July 20, 2023 9:00 AM
 | 
Alina Hernandez ahernandez4@tulane.edu

(L-R) Professors Evelyn Atkinson, Carla Laroche and Freddy Sourgens.

 

A number of new faces are joining the faculty ranks at Tulane Law in the fall, including an international expert in energy law, as well as scholars in civil rights and gender law, constitutional law, comparative law and human rights and finance, banking and corporate law.

Freddy Sourgens was named the James McCulloch Chair in Energy Law and the Director of the Energy Law Center.  A Tulane Law graduate from the class of 2005, arrives from Washburn University School of Law where he was the Senator Robert J. Dole Distinguished Professor of Law. He is an international leading expert in energy law, international energy transactions, and arbitration.

For more on Sourgens’ appointment, go here. 

Carla Laroche has been named the Felder-Fayard Associate Professor of Law and joins the faculty to teach Criminal Law, Evidence, a Criminal Justice Seminar, and other related courses.  Laroche comes from Washington & Lee University School of Law where she was an Associate Clinical Professor, founding and directing the Civil Rights and Racial Justice Clinic. 

Laroche has dedicated her career to increasing access to justice and opportunities for systemically excluded communities. Her scholarship addresses barriers to access to justice, with a focus on criminal law, gender, race, civil rights, and family law.
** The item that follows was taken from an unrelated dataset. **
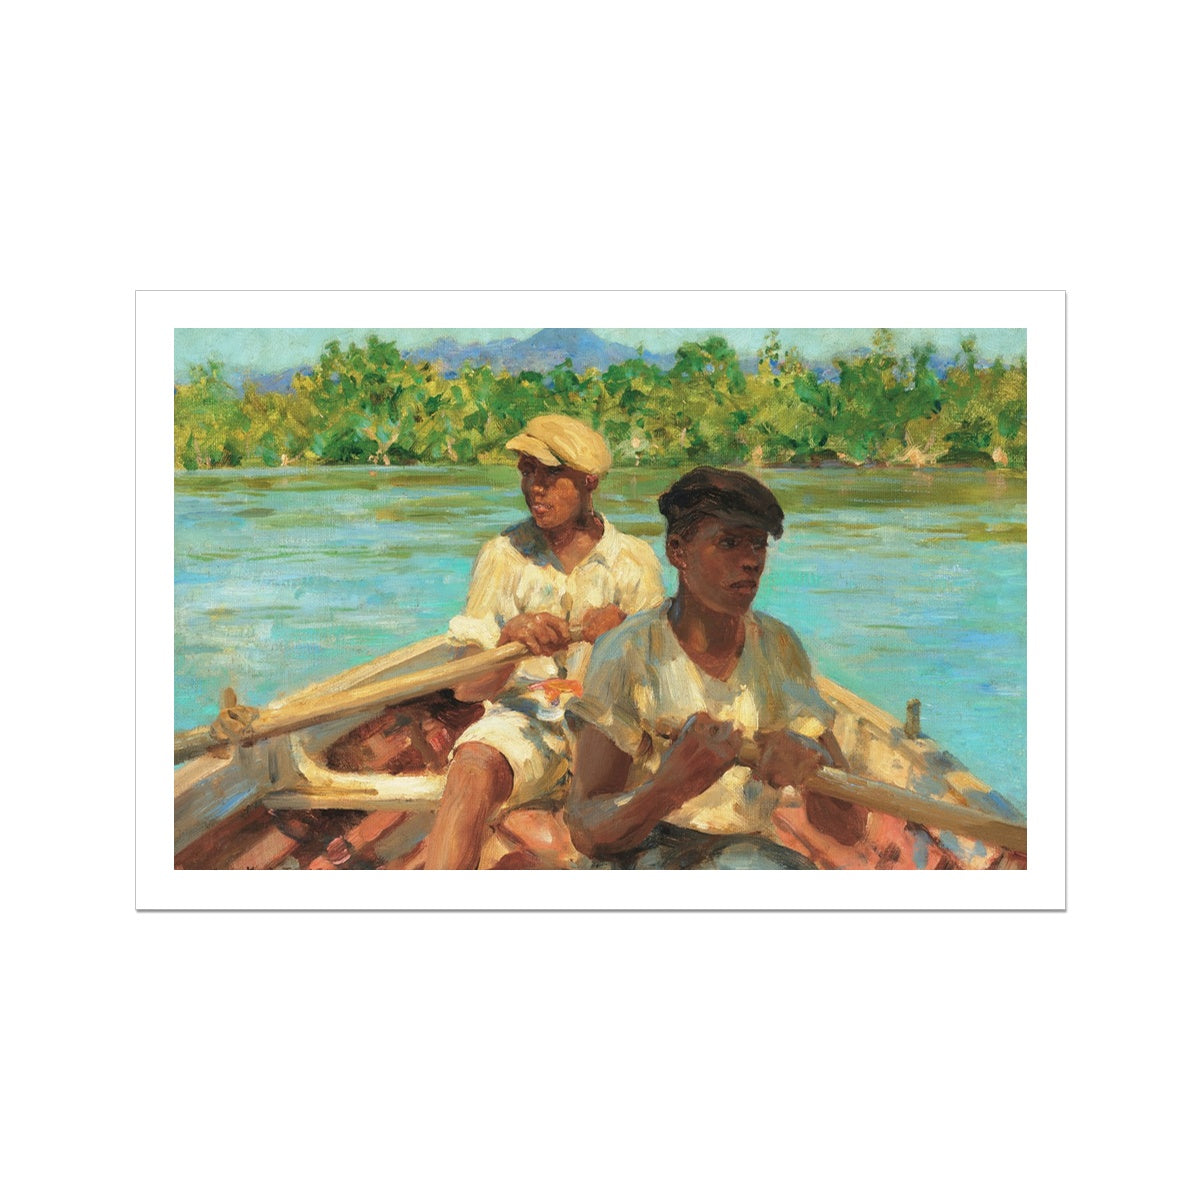 Henry Scott Tuke Open Edition Art Print. Black River Boatmen, Jamaica. Art Gallery Historic Art

Her research analyzes how people navigate civil legal systems and seek to access their civil rights when they have criminal arrest and conviction histories. Her work has been published in the Boston University Law Review and Columbia Journal of Race and Law, bar journals, and newspapers.

Laroche received her Bachelor’s degree from Princeton University, a Master’s in Public Policy from Harvard University, and her J.D. from Columbia Law School.

Evelyn Atkinson has been named the Charles E. Lugenbuhl Associate Professor of Law. Atkinson will be teaching Constitutional Law, a seminar on Race, Law, and Capitalism, Legal History, and related courses.

Atkinson’s areas of expertise include legal history, constitutional law, and tort law, with her scholarship taking an interdisciplinary approach to exploring corporate constitutional personhood.

Atkinson's scholarship has been published in the Virginia Law Review, the Michigan Law Review, Journal of Law & Social Inquiry, the Law and History Review, the Yale Journal of Law & Humanities, and the Harvard Journal of Law & Gender. She has been a Robert Gordon/Stanford Law School Fellow at the J. Willard Hurst Summer Institute in Legal History and a Doctoral Fellow in Law & Inequality at the American Bar Foundation.

Her book manuscript, under contract with Columbia University Press's Studies in the History of U.S. Capitalism series, is entitled American Frankenstein: A History of the Constitutional Corporate Person in the Nineteenth Century. Atkinson also is the recipient of the Kathryn T. Preyer Award from the American Society for Legal History and the Fishel-Calhoun Article Prize from the Society for Historians of the Gilded Age and Progressive Era.  

Atkinson graduated from Sarah Lawrence College and received her J.D. from Harvard University.  She also received her Ph.D. in History from the University of Chicago where she has also been serving as a Postdoctoral Fellow in Law, Letters, and Society.